Other hints for optimizing your Blog’s:
For your Titles:
- Thin Slicing: make quick decisions, don’t over think.
- Only really works if you’re an expert.
- SEO Title Tags plugin for WP will allow you to mass edit Title tags.
- Name your blog something with good keywords.
Optimize your URLs:
- Shorter URLs get twice as many clicks as longer URLs in the SERPs.
- Subdomains/subdirectories/newdomains? Figure it out from your business rules.
- Rewrite to contain keywords, hyphens not underscores
- Test and optimize
Optimize your anchor text:
- Make the post’s title a link to the permalink page
- Use SEOMoz Backlink Anchor Text Analysis tool or BLA
- (tools.seobook.com/backlink-analyzer) to look for links
Minimize Duplicate Content:
- Use Optional Excerpts — paraphrase the post and only put the content on the permalink page.
- Your dates should not be H1 tags
- Use emphasis tags
Optimize your RSS feeds:
- Full text, not summaries
- 20 or more items in your feed
- Multiple feed (by category, latest comments, comments by post)
- Keyword-rich items
- Your brand name in the item
- Your most important keyword in the site container
- Don’t use source tracking parameters.
- Fix your description field
For a bunch of goodies about optimizing your blog, email him at SEO@Netconcepts.com
Q&A
Why would you want to do full text when the scrapers are going to steal it?
Stephan: it’s going to happen no matter what. You’re going to frustrate your core audience with a summary feed. I wouldn’t worry about the scrapers. They can scrape the HTML just as easily. Put a link or a photo in the bottom of your posts so that they’re linking back to you when they repost it.
Does changing the slug 301 the old URL to the new one?
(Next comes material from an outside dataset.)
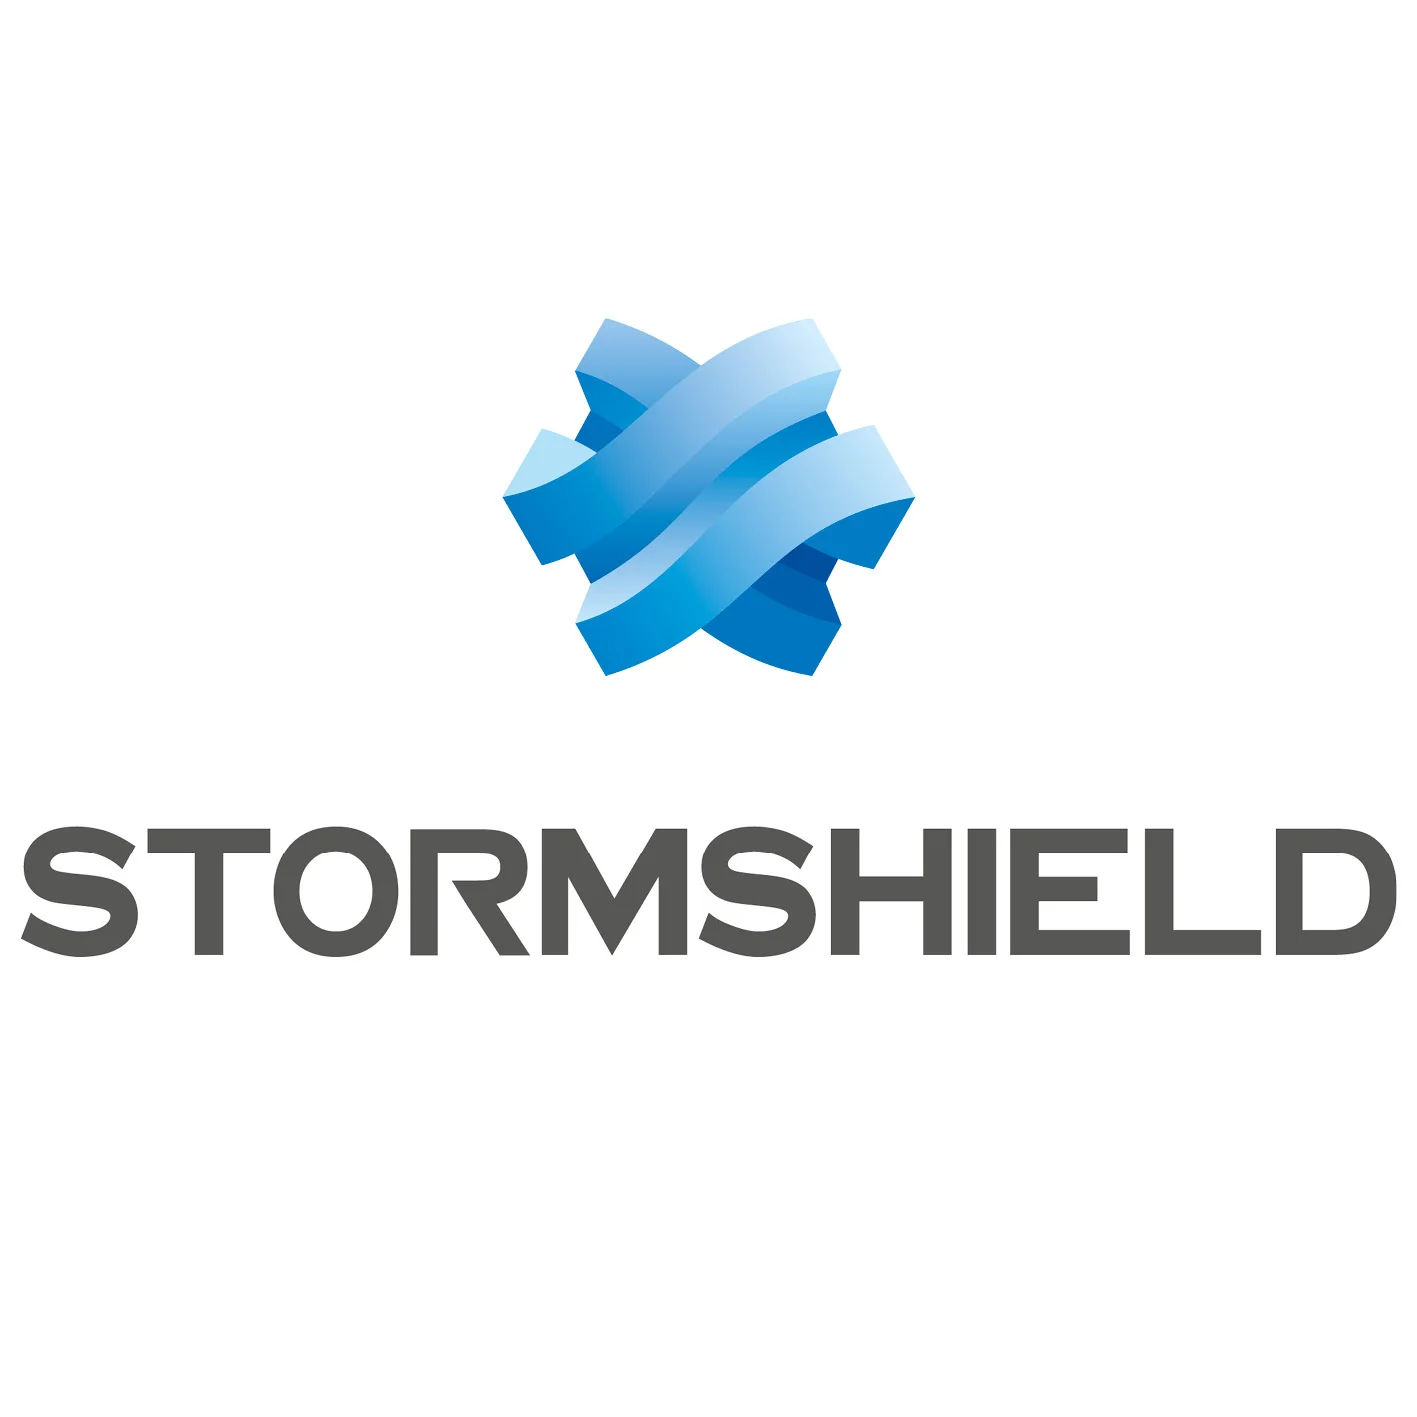 Nouveau partenariat STORMSHIELD / CRIS RESEAUX

Stephan: Yes. In fact it links from the original to whatever the newest one is, not just to the one right after it.
We already have RSS feeds with information, should we have a blog with that same information?
Greg: Do commentary on the information, not just republish it.
Stephan: Think of your blog as a microsite for those links.
Is there any value in putting current content into a PDF?
George: It creates duplicate content.
Where is the Optional Excerpt?
Stephan: It’s on the update page but you also need to update the template to ‘if it’s not the permalink page and optional excerpt is defined, use it’.
One Reply to “Alternative Discovery & SEO: Feeds, PDFs & Blog SEO”
I agree with you completely and yes the article should be written first keep in mind the people who will be reading it and then SEO. chao!